TaxReturnSucks said:


> I am young adult, 23, living alone, and working at a factory. Last year I made 19,000 and received 2,500 back as my tax return. This year i made 22,000 and received 500 back. I am not blaming anyone, but I think government should help out more. This year loonie fell by 20%, our wages of $12.75 an hour with $.30 increase every year is already hard to get by on. My Rent went up by $35 this year, so did utilities and groceries. I don't own a car, somehow bus passes went up as well despite low fuel prices. While in Switzerland servers receive 20 Swiss franks which are equal to about 30 CAN our country that has so much natural resources and potential keeps kicking the low income young adults to the curb.
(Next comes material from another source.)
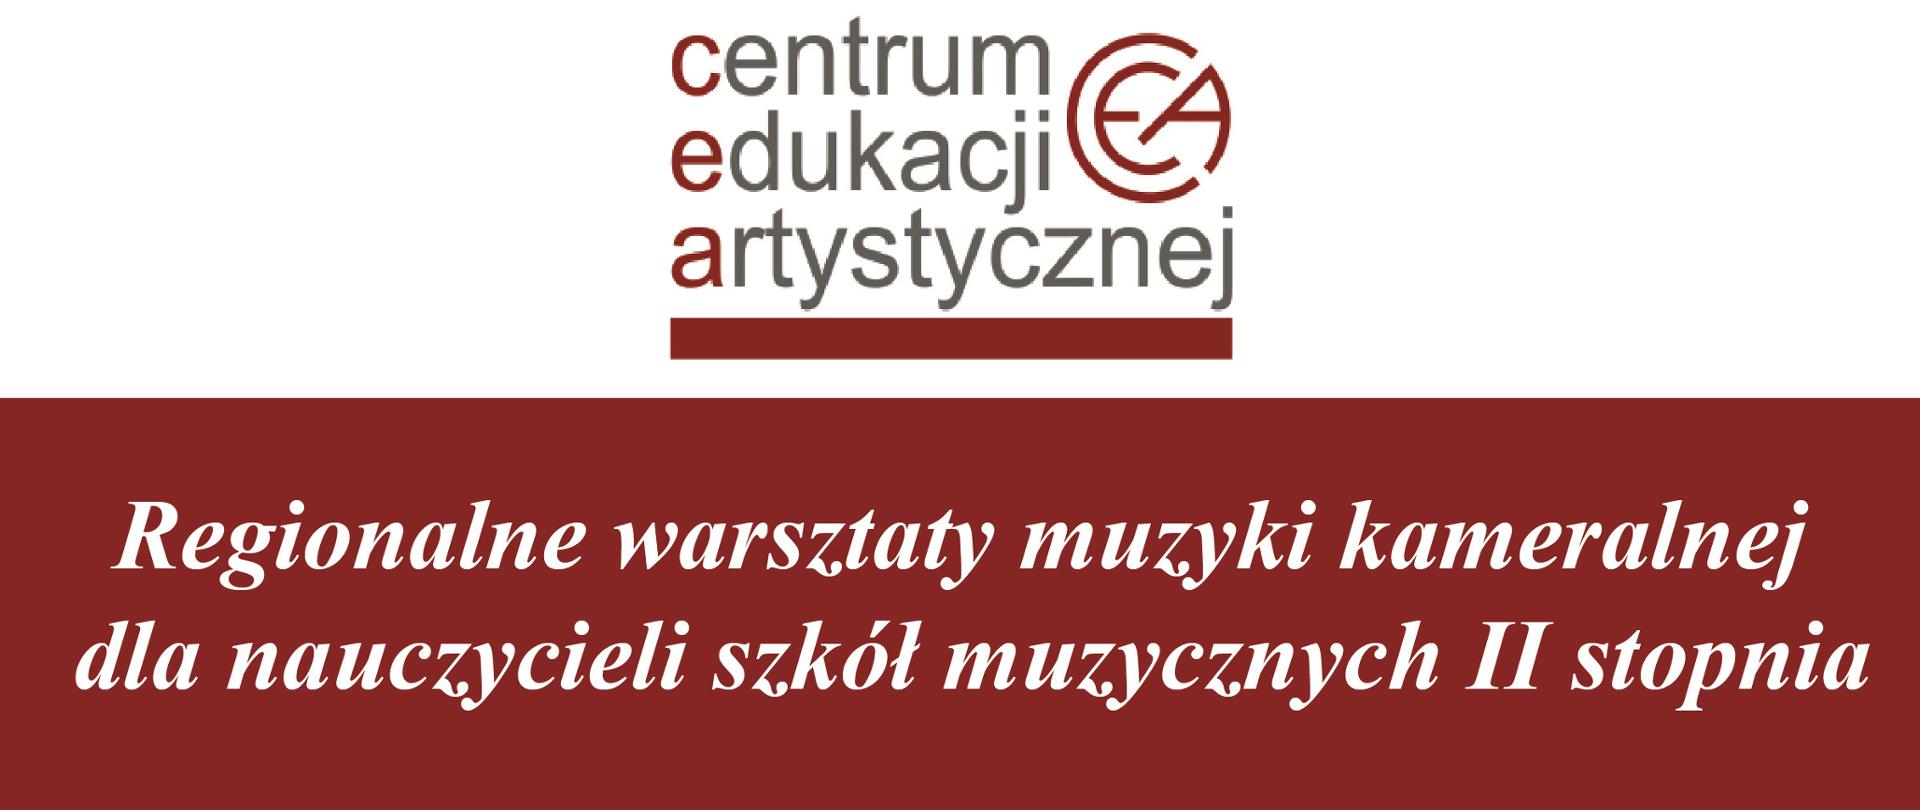 Na białym tle na górze logo Centrum Edukacji Artystycznej w Warszawie, poniżej informacja o odbywających się w dniach 23-24 listopada Regionalnych Warsztatach dla Nauczycieli z muzyki kameralnej. zgłoszenia do 16 listopada przyjmujemy na mail dyrektor@szkolamuzyczna.bydgoszcz.pl

They wonder why young people are fleeing Manitoba, how are we supposed to survive like this?


Also the reason of increase in my income wasn't because of better wages, I worked overtime almost every week this year. Whats the point of working overtimes if in the end you will be making about the same amount of $.


----------



## Spudd (Oct 11, 2011)

Based on the calculator at taxtips.ca, you would pay $2990 tax on $22,000 and $2245 on $19,000 if you lived in Manitoba. That's around $750 more tax, for $3000 more income. You got to keep $2250 more this year than last year. 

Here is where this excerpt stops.